Une longue attente
Après le départ de Gabriel d’Occitanie pour sauvegarder son
château de Monségur, Laura de Beauregard vécut dans l’attente fébrile de
nouvelles.
Elle trompait ces moments d’angoisse en activant ses
exercices guerriers avec ses hommes de troupe car le danger était omniprésent
dans le royaume.
Les premières lettres de Gabriel parvinrent au château,
offrant un peu de douceur à la jeune femme. Elles étaient écrites sur
parchemin, dans une élégante cursive tracée en lettres turquoise et , de plus,
elles étaient accompagnées de somptueux bijoux célébrant l’Occitanie sous forme
de bagues, de colliers et de croix richement travaillés et ornés de rubis et de
grenats.
Pour ne pas être en reste, Laura commanda un assortiment d’armes
aux forges de Brocéliande et elle broda une chemise de lin destinée à son bien
aimé. Roses, pivoines et églantines s’entrelaçaient pour former le plus beau
tapis floral qui soit.
Elle se retirait parfois dans le jardin d’amour pour relire
les missives qui étaient toutes des chants passionnés destinés à raviver les
flammes passionnées qui les avaient embrasées.
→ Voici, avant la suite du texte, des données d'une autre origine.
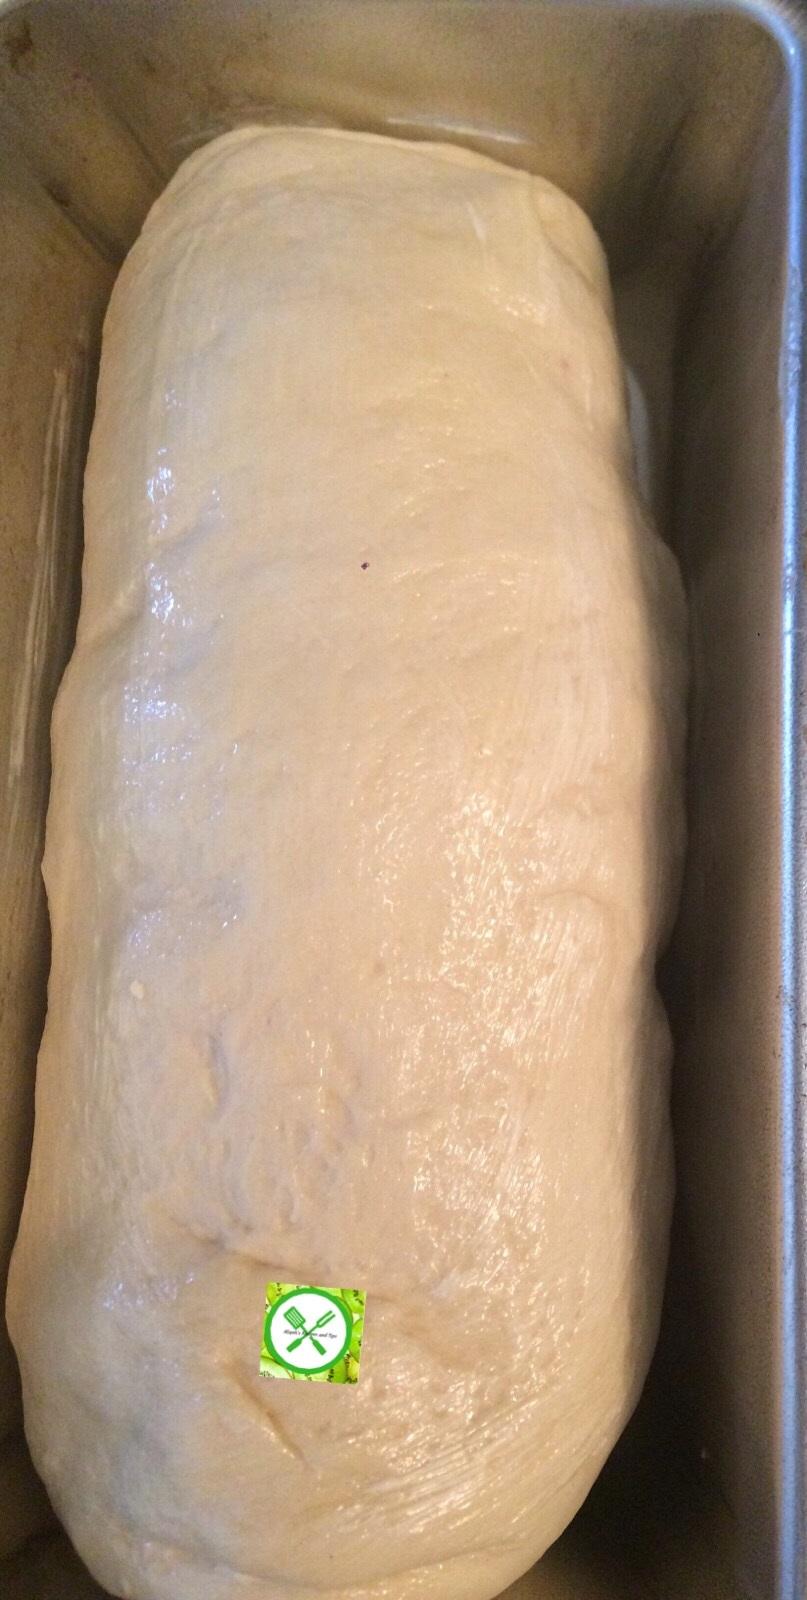 White sandwich bread in a pan

« Dame d’amour, chère Laura, il s’en faut de peu que
mon cœur ne se brise lorsque je pense à vous, ce qui est une constante, même
lorsque je pars avec mes guerriers, revêtu d’une armure sombre pour ne pas être
remarqué, afin de constater l’avancée de nos ennemis.
Si d’aventure, je devais quitter ce monde, je vous demande
de ne pas sacrifier votre jeunesse et votre beauté et de choisir celui qui
saura vous entourer de tendresse et d’amour.
Dans le cas où vous n’en feriez rien, je vous donne
rendez-vous dans la Jérusalem céleste où je vous attendrai en chevalier
servant.
Belle Laura, je vous aime tant que mon esprit s’égare et que
j’embrasse le vent en croyant vous serrer contre mon cœur.
Soyez assurée de ma fidélité et de mon amour
incommensurable.
Je m’en remets à Dieu pour que ma destinée soit liée à la
vôtre et j’espère pouvoir sauver Monségur qui connaît une période périlleuse.
Je vous quitte en souhaitant que les roses de votre cœur s’épanouissent
sous mes baisers ardents.
Votre Gabriel ».
Le temps s’écoula avec l’implacable rigueur du sablier et
les lettres s’espacèrent, faute de cavaliers, tous requis pour la sauvegarde du
plus beau des châteaux.
Laura avait commandé une cotte de mailles robuste et
élégante car elle projetait de se rendre à Monségur pour prêter main forte au
chevalier mais elle n’eut pas à mettre son projet à exécution : une
terrible et dernière nouvelle lui parvint par la grâce d’un parchemin transmis
par une palombe, l’oiseau mythique de l’Occitanie : son bien aimé était
mort en livrant une dernière et terrible bataille avec toute la bravoure dont
il était capable.
Le château de Monségur avait été pris par l’ennemi.
Les derniers habitants avaient péri dans un horrible bûcher
dressé pour l’exemple et ses murailles avaient été démantelées, faisant de ce
beau château, altier et superbe, une ruine que chacun viendrait hanter au fil
des jours.
Laura ajouta un liseré noir à sa tenue de guerrière et se
mura dans un chagrin muet, se promettant d’attendre les derniers moments de sa
vie terrestre pour rejoindre son bel et unique amour.